Ibrahim. Democracy would indeed be a worthy goal if we in the United States actually pursued it globally, and if we truly believed that other people should have the choice to decide for themselves as to whether or not they should embrace it. As Gandhi himself stated, “I would heartily welcome the union of East and West provided it is not based on brute force.”
7

It is the third component of this “single sustainable model,” an element benignly called “free enterprise,” that drives much of
The National Security Strategy of the United States of America
. Later on, the document further boasts, “Free trade and free markets have proven their ability to lift whole societies out of poverty.” Where are these “whole societies” that have allegedly been lifted out of poverty? Nowhere is there an acknowledgement of or engagement with North/South divisions, or the myriad ways in which globalization has worked to

make some of the rich super-rich, and the super-poor even poorer.
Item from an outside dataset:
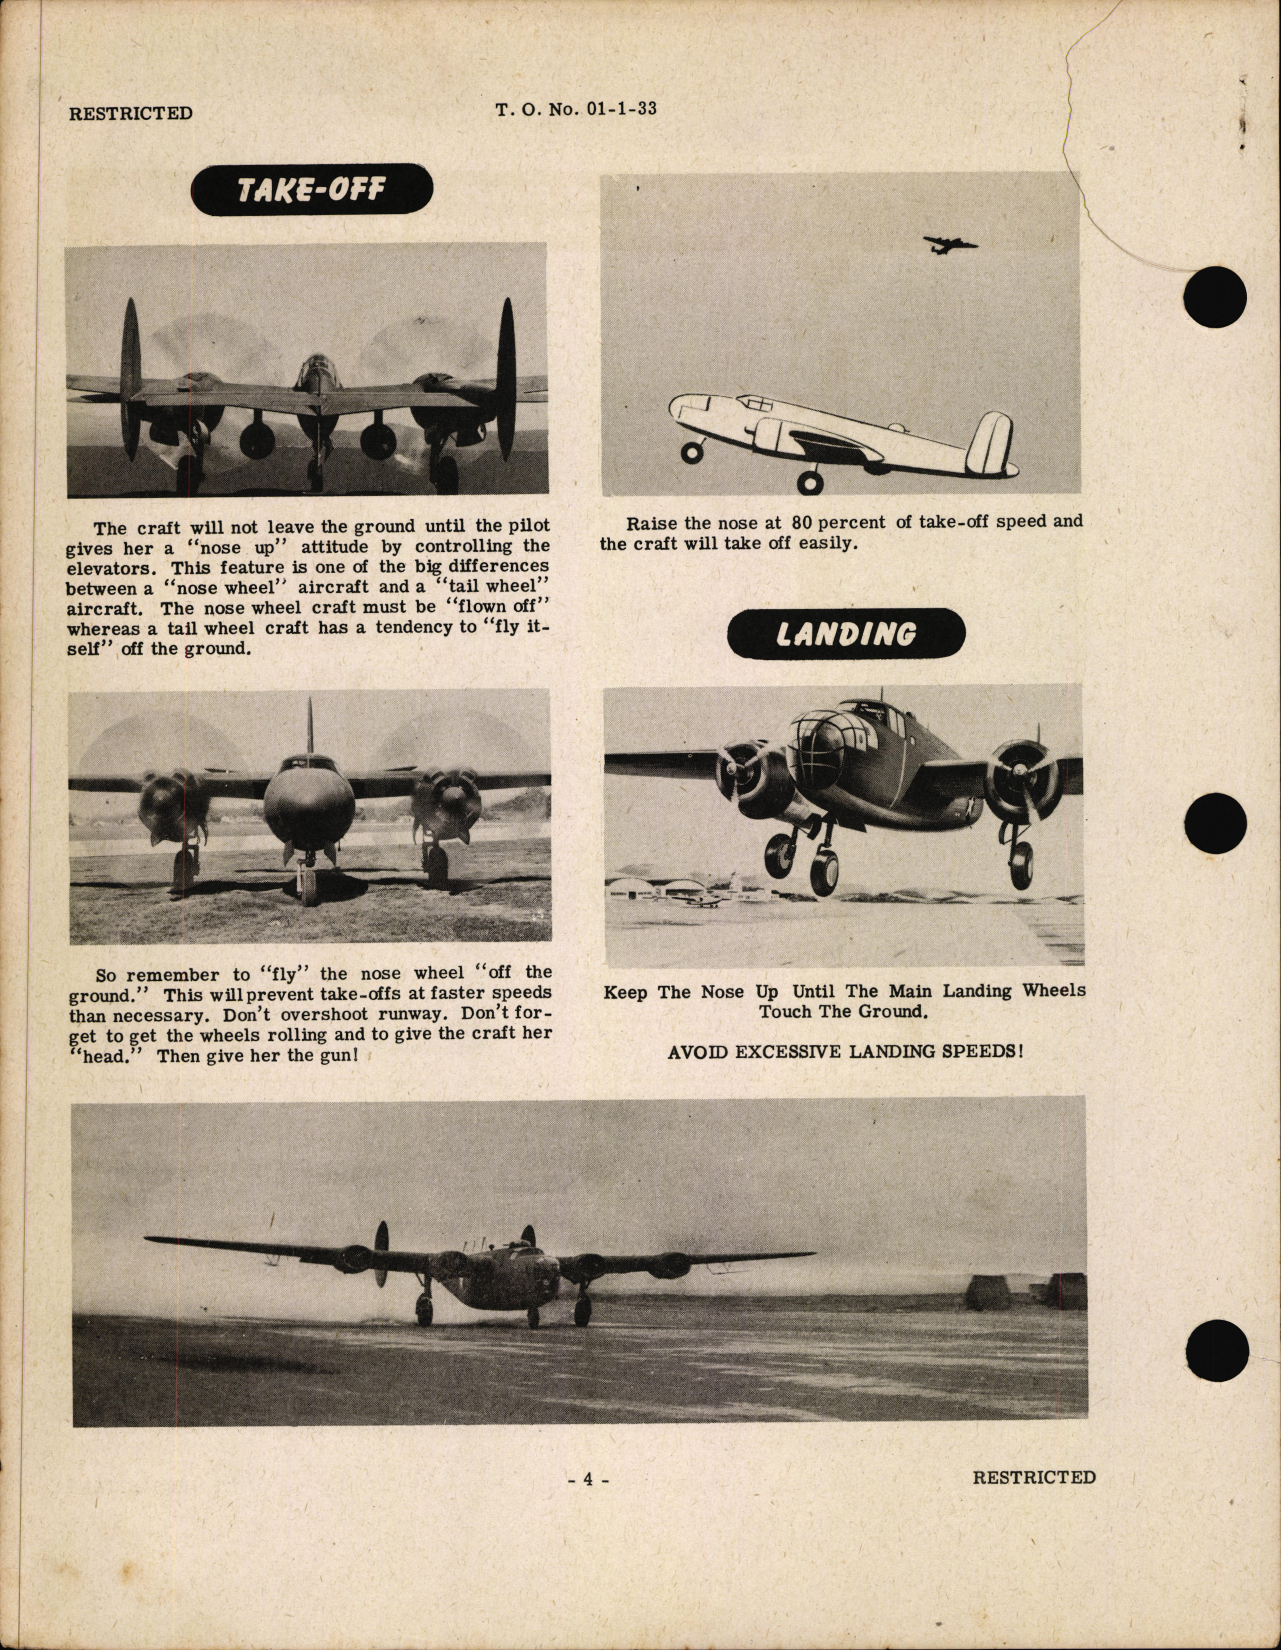 Sample page  4 from AirCorps Library document: Operation & Technique of Nose Wheel Airplanes, 01-1-33

Another equally disturbing example of the essential arrogance that (mis)- informs
The National Security Strategy of the United States of America
is the call for a single system of morality. The President of the United States is here quoted as stating, “Some worry that it is somehow undiplomatic or impolite to speak the language of right and wrong. I disagree. Different circumstances require different methods, but not different moralities.”
8
Just whose system of morality is it that we are to abide by here? That of the President of the United States? Right-wing evangelical Christians? Tibetan Buddhists? Catholics? Secular Humanists? The implication is clear: according to this document, just as there is now (or so we are told) one sustainable model of national success, there is now one single acceptable system of morality. And it is the President of the United States (and his advisors) who get to determine what that is. It is precisely such a hegemonic discourse that progressive Muslims would challenge, in the same way that we reject the arrogant authoritarian discourse of Muslim literalist- exclusivists.